For each step, you may move to an adjacent number of the row below. More formally, if you are on index i on the current row, you may move to either index i or index i + 1 on the next row.
Example 1:
Input: triangle = [[2],[3,4],[6,5,7],[4,1,8,3]]
Output: 11
Explanation: The triangle looks like:
2
3 4
6 5 7
4 1 8 3
The minimum path sum from top to bottom is 2 + 3 + 5 + 1 = 11 (underlined above).
Example 2:
Input: triangle = [[-10]]
Output: -10
Solution
First attampt
It works, but not good, especially memory.
- Runtime 3 ms
- Beats 65.79%
- Memory 44.4 MB
- Beats 13.95%
class Solution {
public int minimumTotal(List<List<Integer>> triangle) {
int maxRowSize = triangle.get(triangle.size() -1).size();
// create an array nxn to store the minimal distance that starts from triangle[i][j]
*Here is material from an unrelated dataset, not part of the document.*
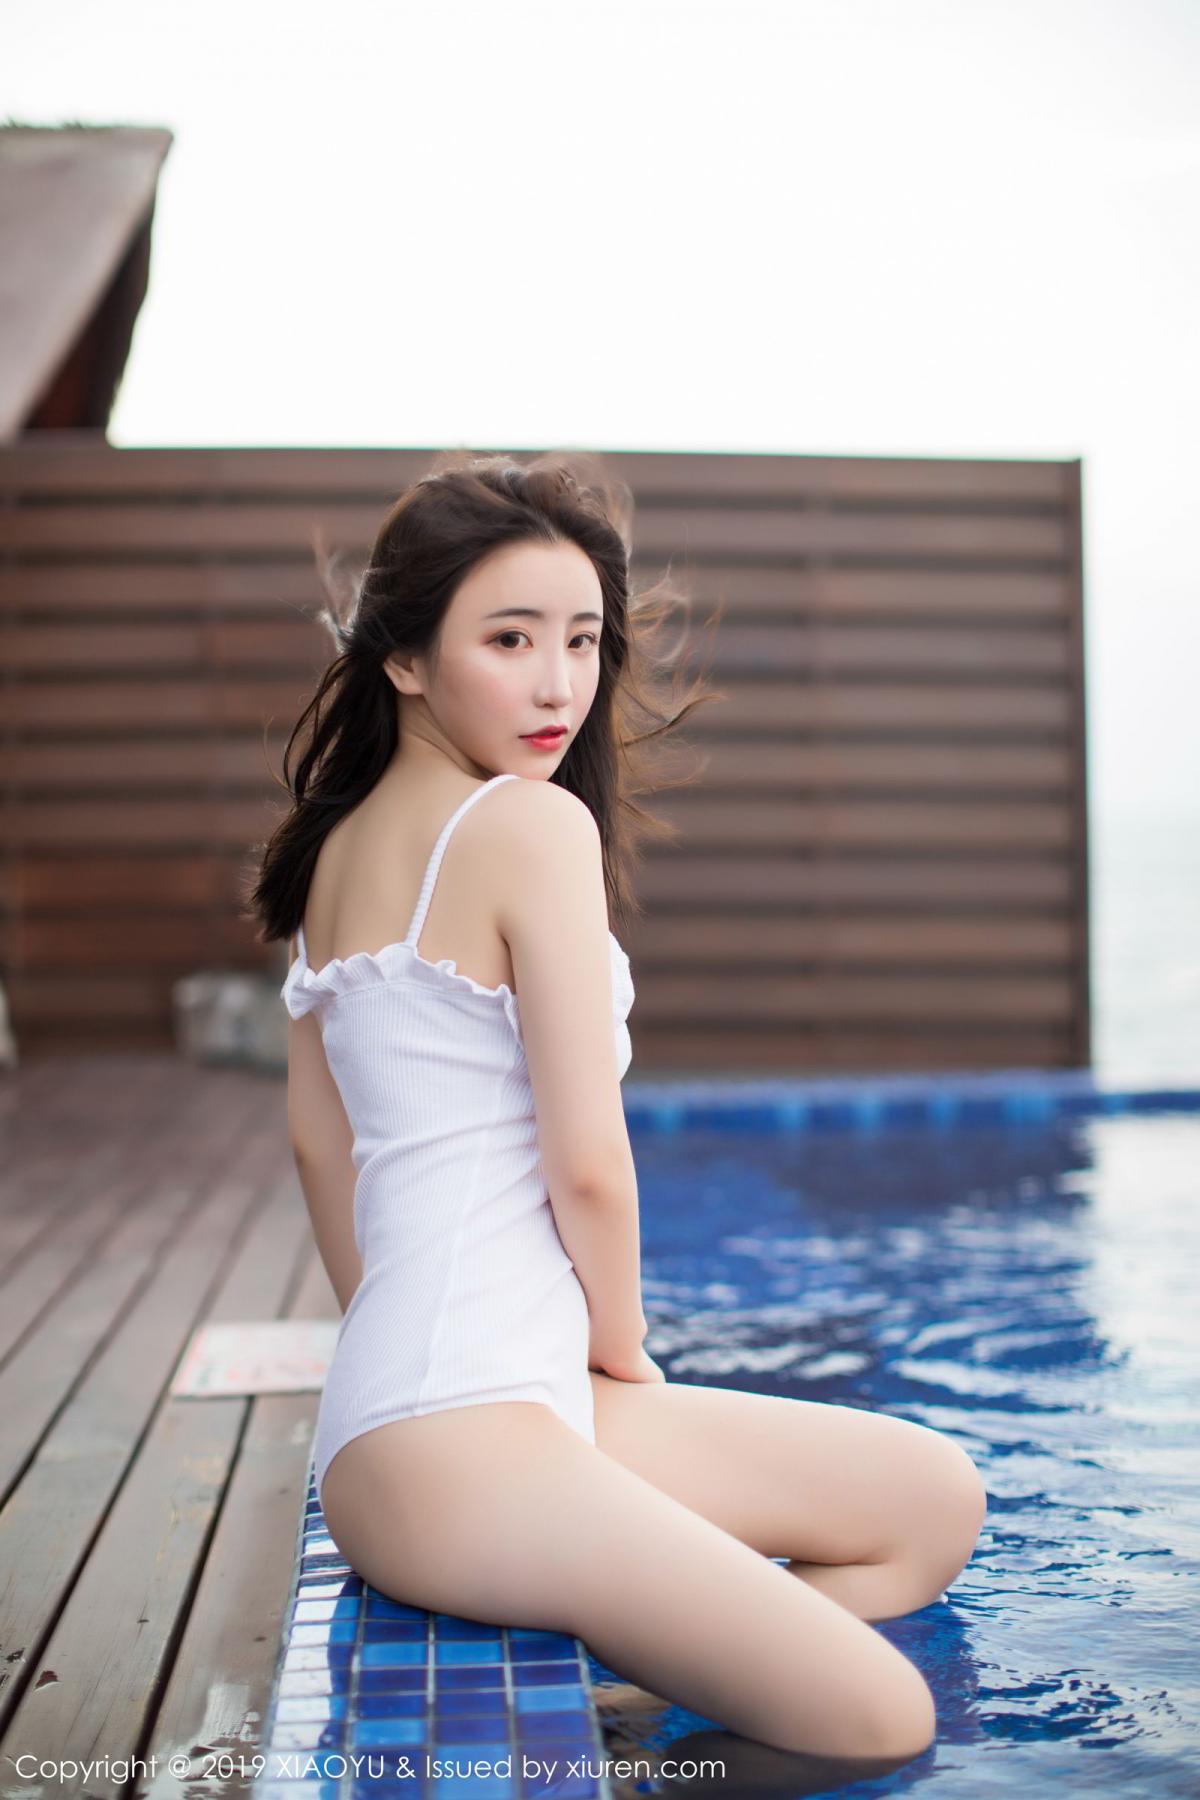 [XiaoYu] Vol.071 Xie Zhi Xin 19P, Bikini, XiaoYu, Xie Zhi Xin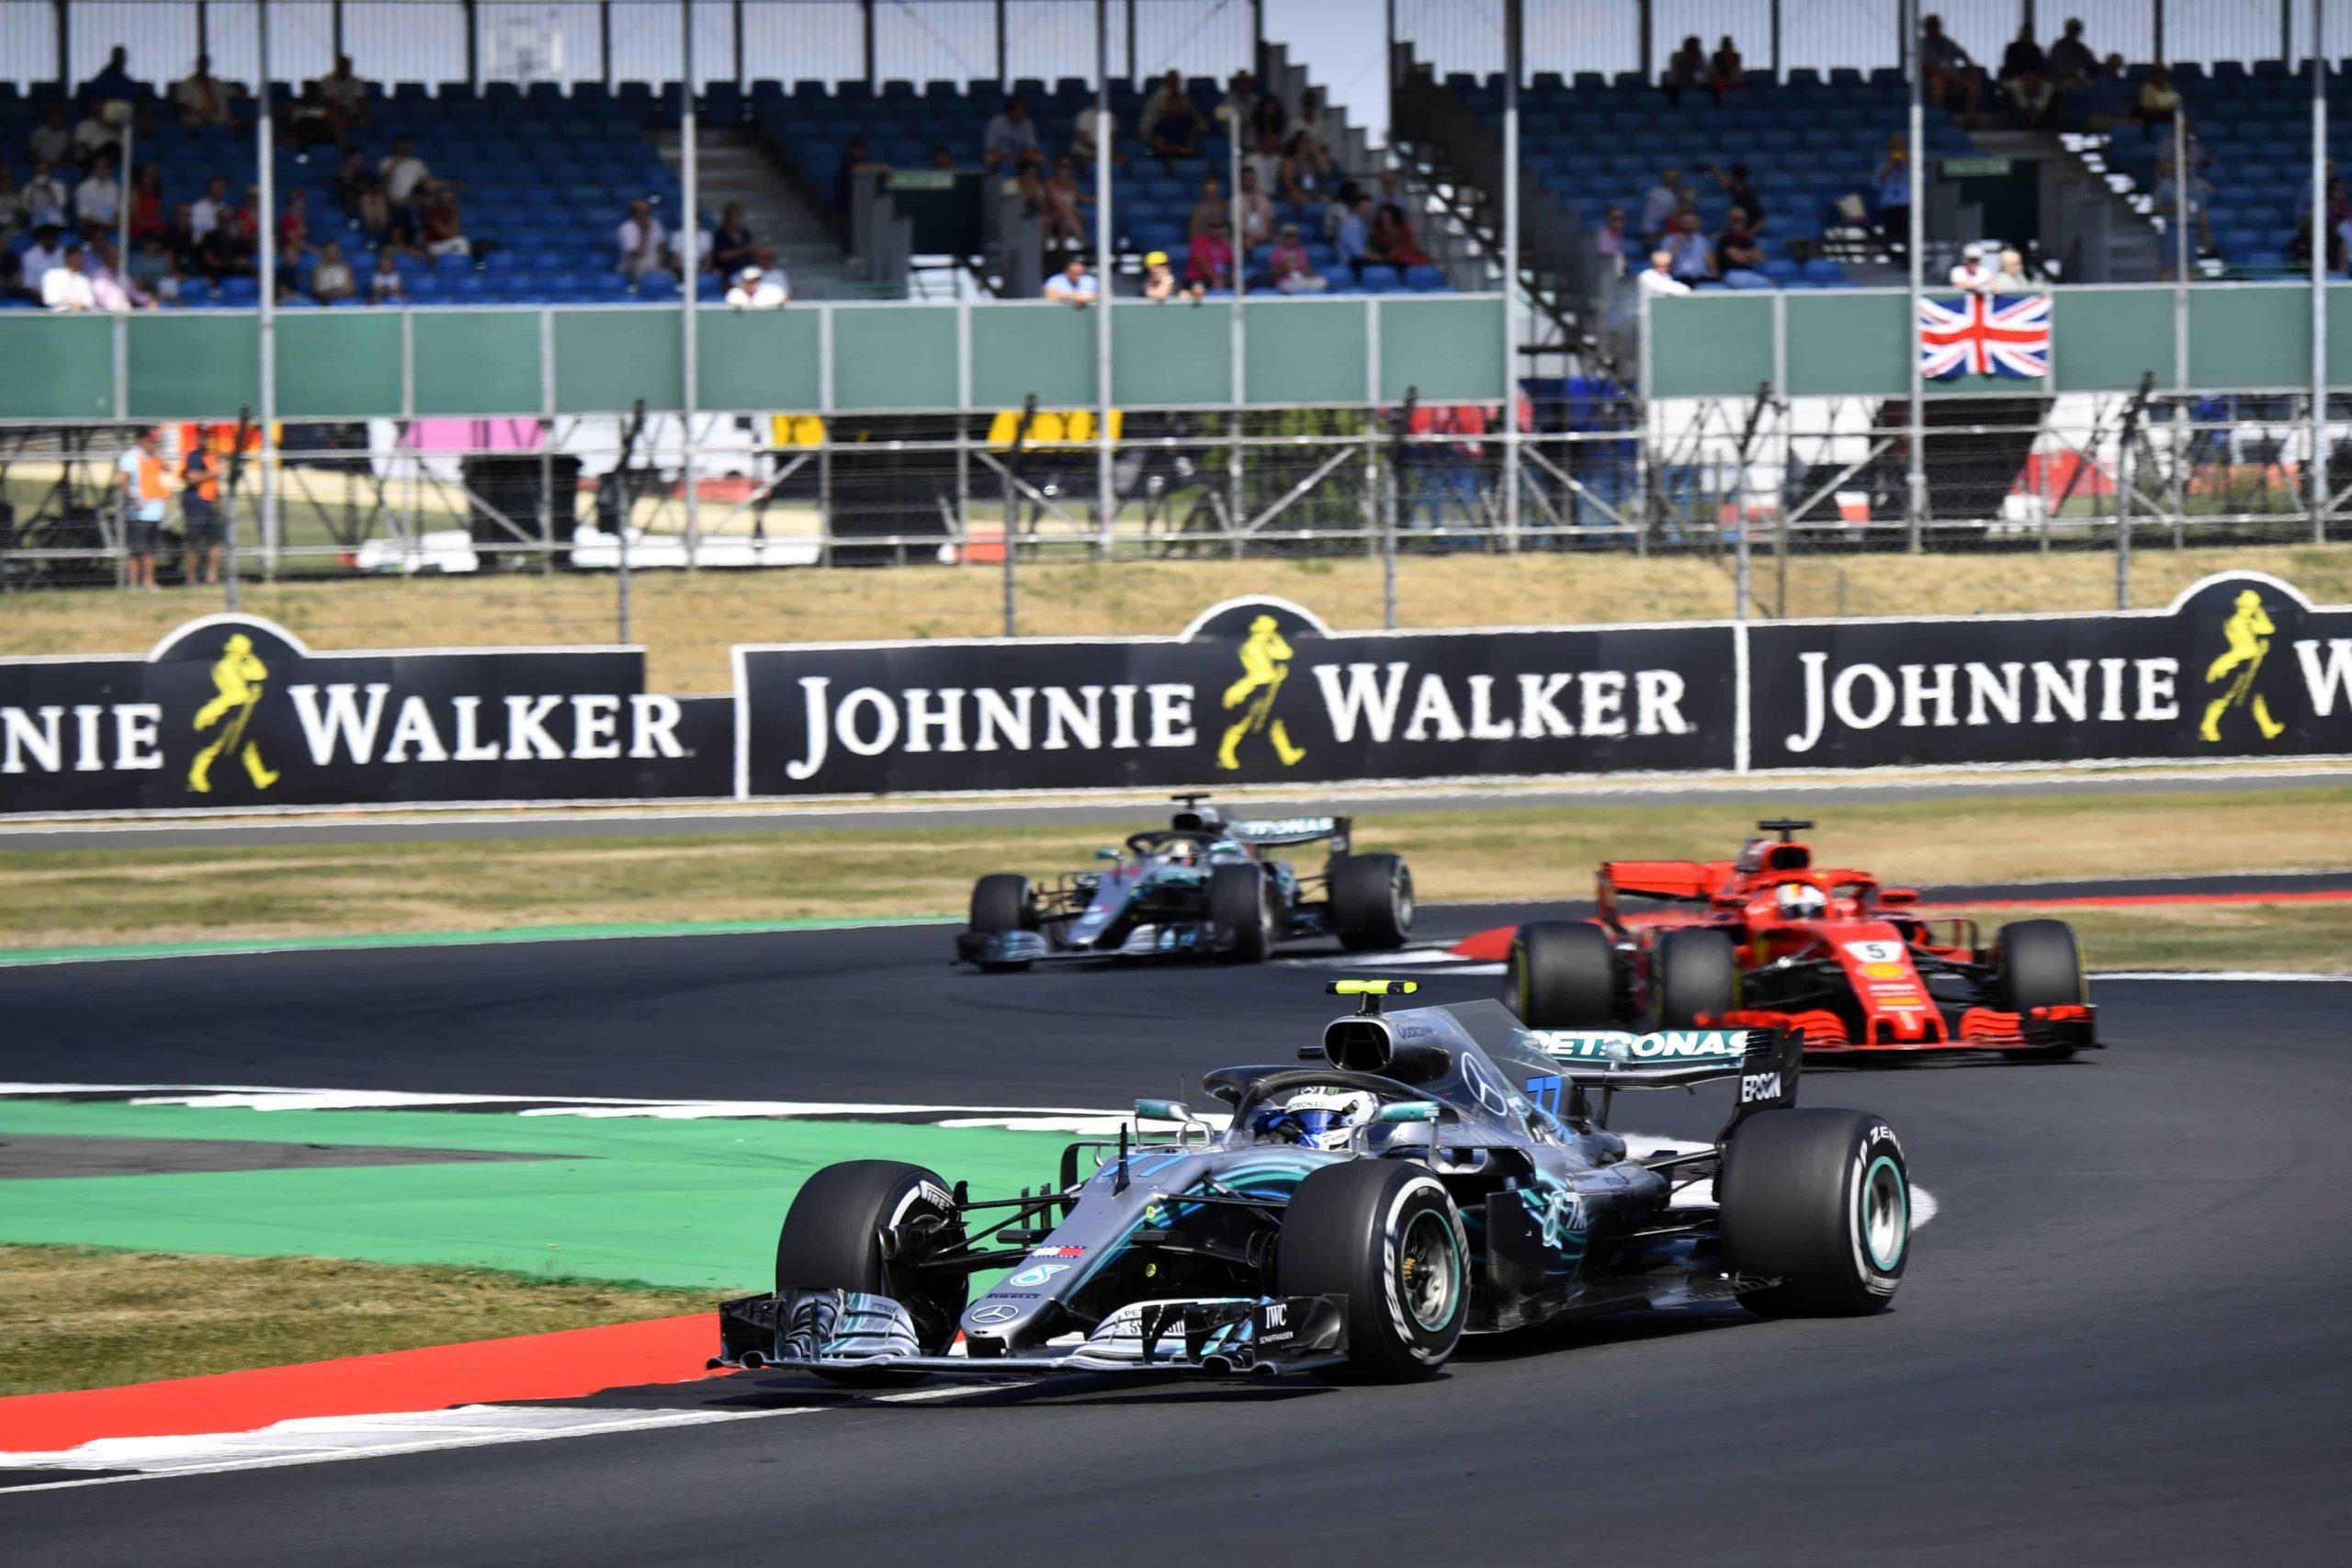 Wetten, Quoten und Sonderwetten für den Formel 1 GP in Silverstone

int[][] dp = new int[maxRowSize][maxRowSize];
for(int i = triangle.size() -1; i >=0; i--) {
List<Integer> row = triangle.get(i);
for(int j = 0; j < row.size(); j++) {
if(i < dp.length -1) {
// calculate minimal distance and update
dp[i][j] = Math.min(dp[i+1][j], dp[i+1][j+1]) + row.get(j);
} else {
// for the bottom line, there's no subpaths
dp[i][j] = row.get(j);
}
}
}
return dp[0][0];
}
}
Memory Optimization
class Solution {
public int minimumTotal(List<List<Integer>> triangle) {
int maxRowSize = triangle.get(triangle.size() -1).size();
// 只需要记录上一次的最短路径
int[] dp = new int[maxRowSize];
for(int i = triangle.size() -1; i >=0; i--) {
List<Integer> row = triangle.get(i);
for(int j = 0; j < row.size(); j++) {
if(i < dp.length -1) {
// 从左到右更新,正好计算右边的元素时,当前的值已经不需要用到了。所以可以直接更新
dp[j] = Math.min(dp[j], dp[j+1]) + row.get(j);
} else {
dp[j] = row.get(j);
}
}
}
return dp[0];
}
}